6.6 Where the Goods have been manufactured by the Seller and are found to be defective, the Seller shall repair, or in its sole discretion, replace the defective Goods free of charge within twelve (12) months from the date of delivery subject to Buyer’s compliance with these Terms and Conditions.
6.7 The Seller will be under no liability or further obligation in relation to the Goods if:
- the Buyer fails to provide notice as set above; and/or
- the Buyer makes any further use of such Goods after giving notice under this clause relating to damages and/or shortages; and/or
- the defect arises because the Buyer did not follow the Seller’s oral or written instructions about the storage, commissioning, installation, use and maintenance of the Goods; and/or
- the defect arises from normal wear and tear of the Goods; and/or
- the defect arises from misuse or alteration of the Goods, negligence, wilful damage or any other act by the Buyer, the Buyer’s employees or agents or any third parties.
6.8 The Buyer bears the risk and cost of returning the Goods.
6.9 Acceptance of the Goods will be deemed to have taken place upon satisfactory inspection of the Goods by the Buyer and in any event within one (1) day after delivery.
7. RISK & TITLE
7.1 The risk associated to any loss, damage or deterioration of the Goods from any cause whatsoever passes from the Seller to the Buyer on each of the following events occurring (as may be applicable):
- when the Buyer collects the Goods from the Seller;
- when the Goods are fully loaded onto the Buyer’s alternative mode of transport for delivery; or
- when the Goods are fully loaded onto the Seller’s nominated transport for delivery;
- when the Goods are in the Buyers possession.
7.2 After the risk of the Goods passes from the Seller to the Buyer in accordance with the above clause, the Buyer acknowledges that is assumes all responsibility and risk associated with the Goods.
7.3 The Seller retains all legal and equitable title in any Goods supplies to the Buyer until payment in full for or in connection with the supply of the relevant Goods has been received by the Seller.

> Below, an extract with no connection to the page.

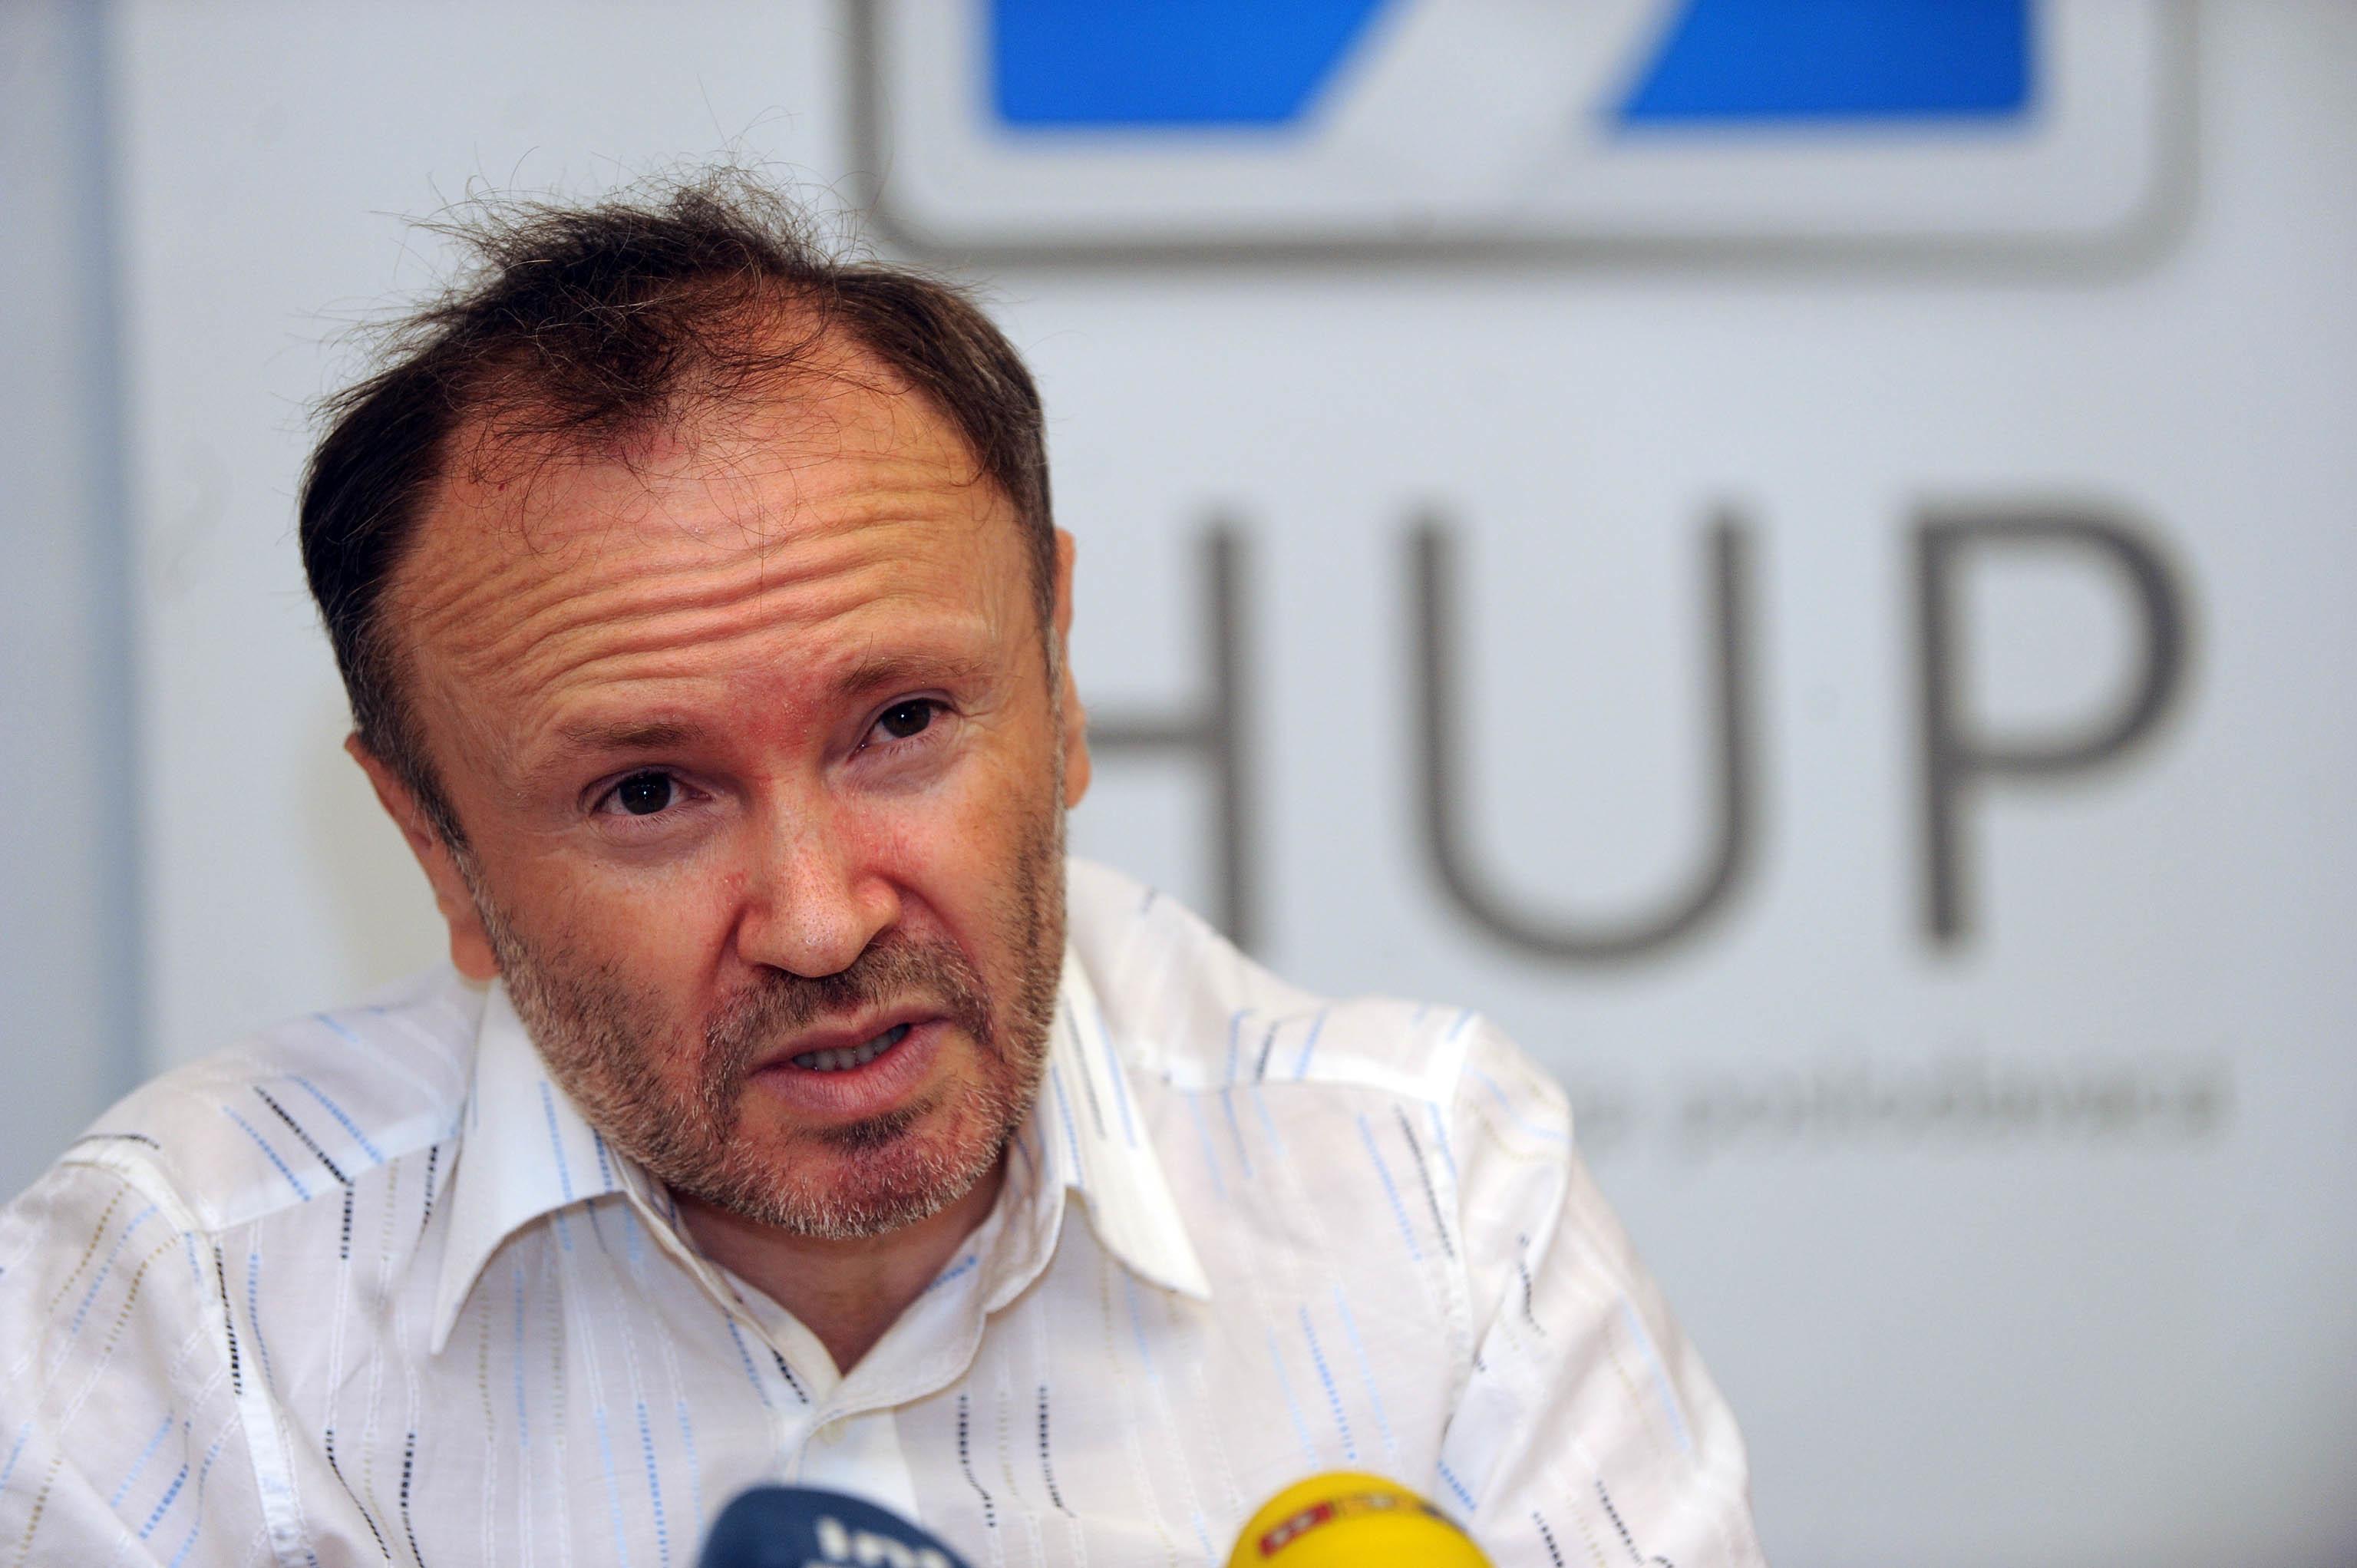 Željko Lovrinčević

7.4 Until payment in full has been received by the Seller, the Buyer must:
- hold the Goods on a fiduciary basis as the Seller’s bailee; and/or
- store the Goods separately and not remove, deface or obscure any identifying mark or packaging on or relating to the Goods; and/or
- keep the Goods in satisfactory condition and keep them insured against all risks for their full Price from the date of delivery.

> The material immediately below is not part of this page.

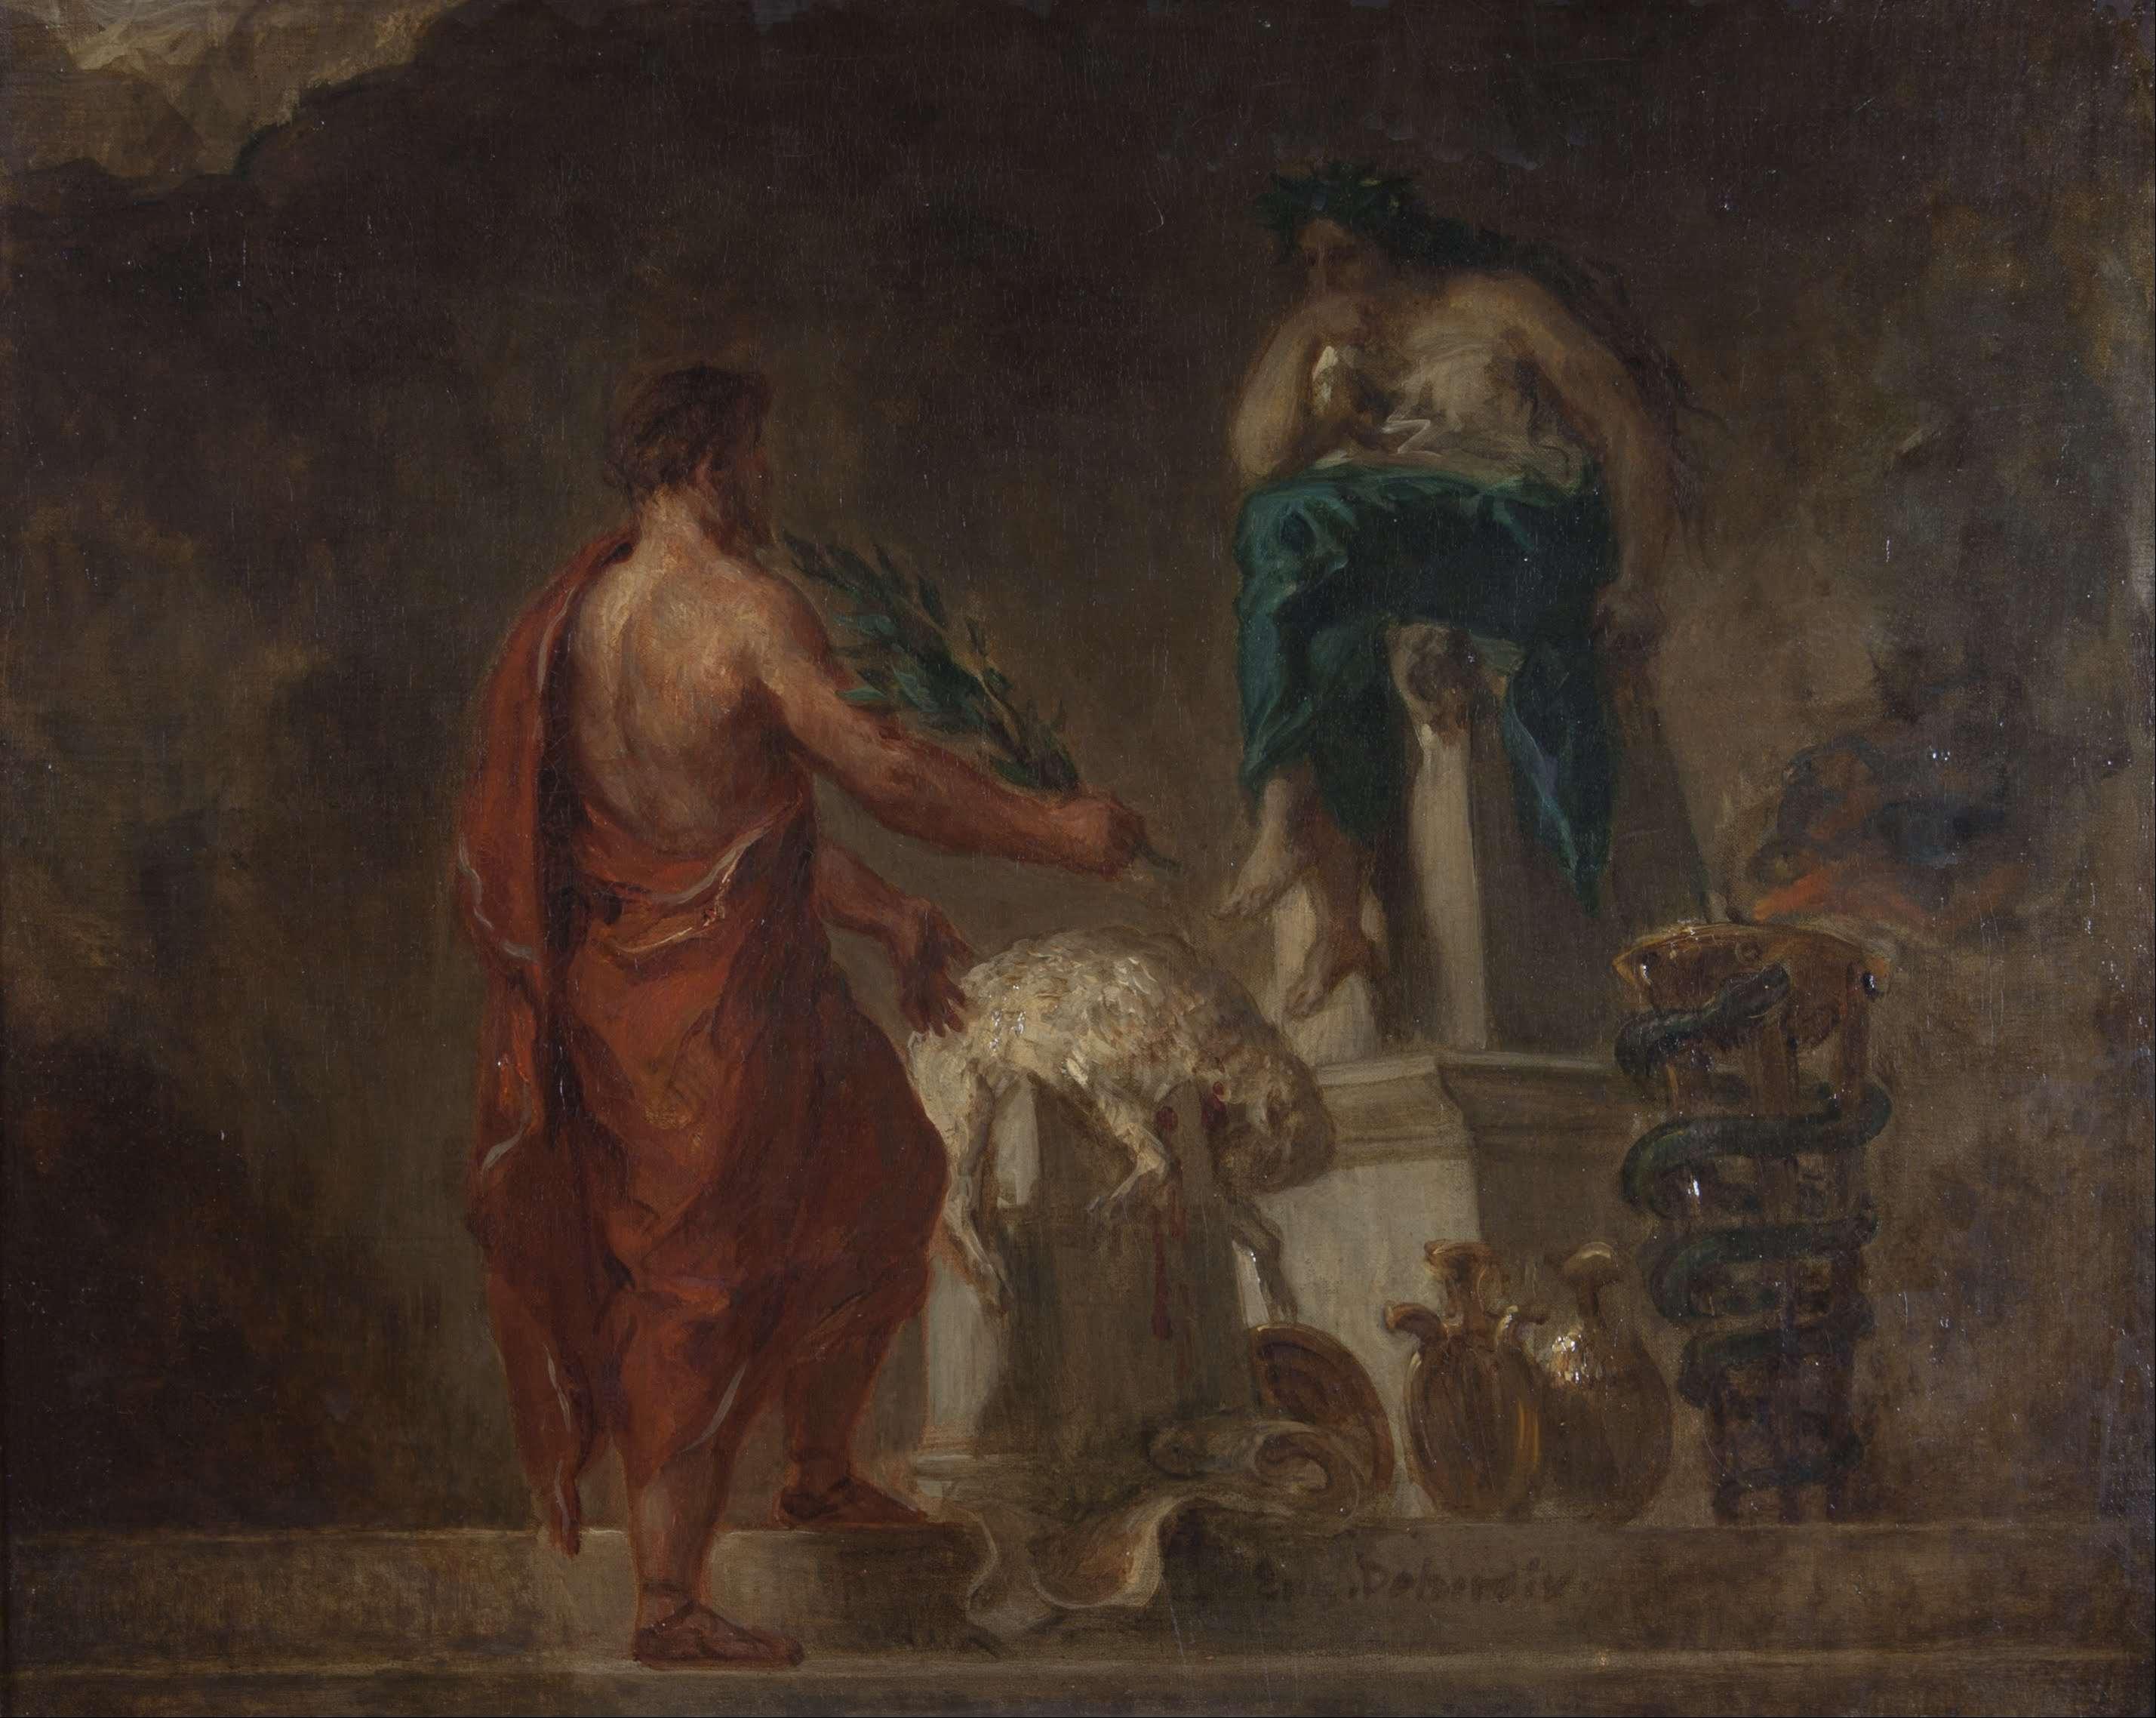 Ο Σπαρτιάτης νομοθέτης Λυκούργος ζητάει χρησμό από την Πυθία. Lycurgus Consulting the Pythia (1835/1845), as imagined by Eugène Delacroix.

7.5 The Seller is irrevocably entitled at any time and from time to time to inspect or to recover and retake possession of such Goods and otherwise exercise in relation to the Goods any of the Seller’s rights whether those rights are as owner and/or unpaid Seller or otherwise and whether those rights are conferred by common law, contract, statute or in any other way.

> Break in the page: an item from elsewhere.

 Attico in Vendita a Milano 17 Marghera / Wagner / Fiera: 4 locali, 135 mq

7.6 In order to exercise such entitlement, the Seller and its agents are irrevocably authorised by the Buyer to enter any of the Buyer’s premises or vehicles or those of any third party. The Buyer agrees to obtain the consent of any such third party to such entry by the Seller and to indemnify the Seller and its agents for any liability arising from any entry upon such third parties’ premises or vehicles. The Seller and its agents agree to take all reasonable care in removing the Goods from such premises or vehicles but, to the extent this liability may be disclaimed by law, are not liable for any damage or injury to such premises caused by the removal of the Goods.
7.7 Should the Seller retake possession of the Goods due to a default on the Buyers behalf, the costs associated with doing so shall be borne by the Buyer.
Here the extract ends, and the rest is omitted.